鉄は国家なり、という時代があった。昭和を思い出す懐
かしい言葉だ。今では中国の台頭で斜陽産業の代名詞だ。
国内に投資できない大手企業が増えている。人口減少か
ら経済が縮小しているからだ。日本を収益基盤として稼
ぐ能力がない。やはり旧態依然の発想があるからだろう。
日本を主体としながら稼げる企業には、独自性のある技
術やグローバル社会に受け入れてもらえる商品やサービ
スが必要になる。
同質性が高い日本人は、この点で、とくに弱い。多様性
や英語文化になじみがないことが、その本質だろう。
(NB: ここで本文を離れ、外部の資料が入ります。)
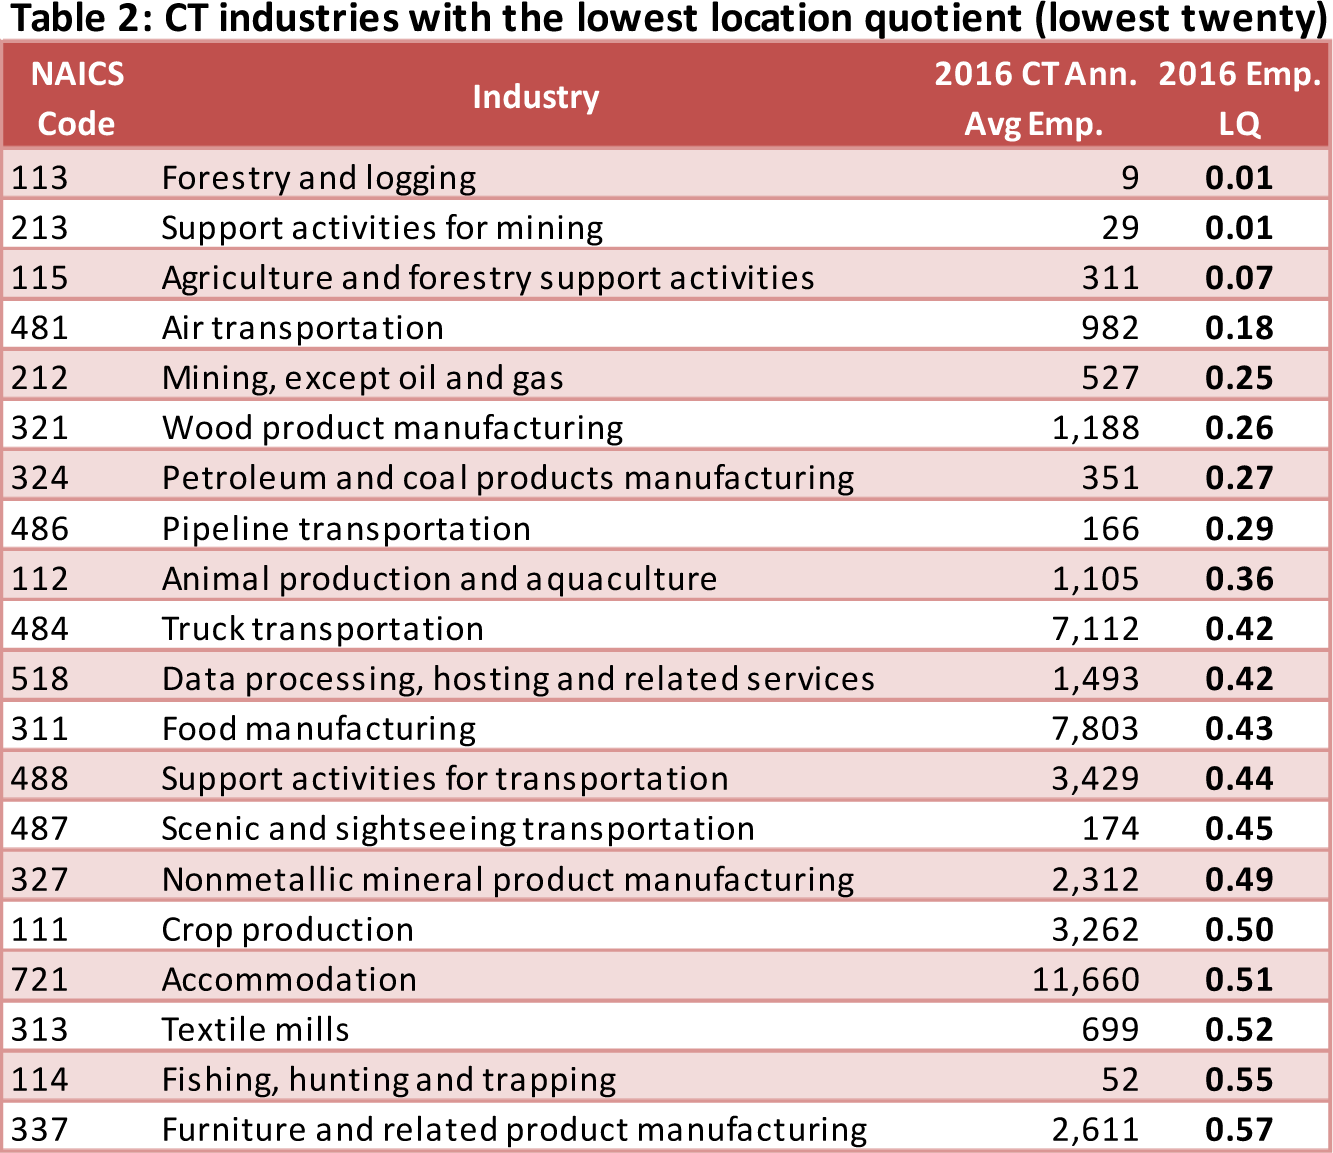 Table 2. CT industries with the lowest location quotient (lowest twenty)

し
かし、少し考えてみれば、同質的な文化は、文化そのも
のに独自性がある。独自性を大切にしながら、うまく海
外へ展開する方法や手段を考えることが重要だ。
このことは企業側からすれば苦労が伴うが、今後事業を
成功させるために必ずもっておかなければならない視点
だ。この点でも中小企業にチャンスがある。村社会から
でて独立自尊で行動できるタフさが要求される。なにか
に依存するほど中小企業にとって自社を弱くするものは
ない。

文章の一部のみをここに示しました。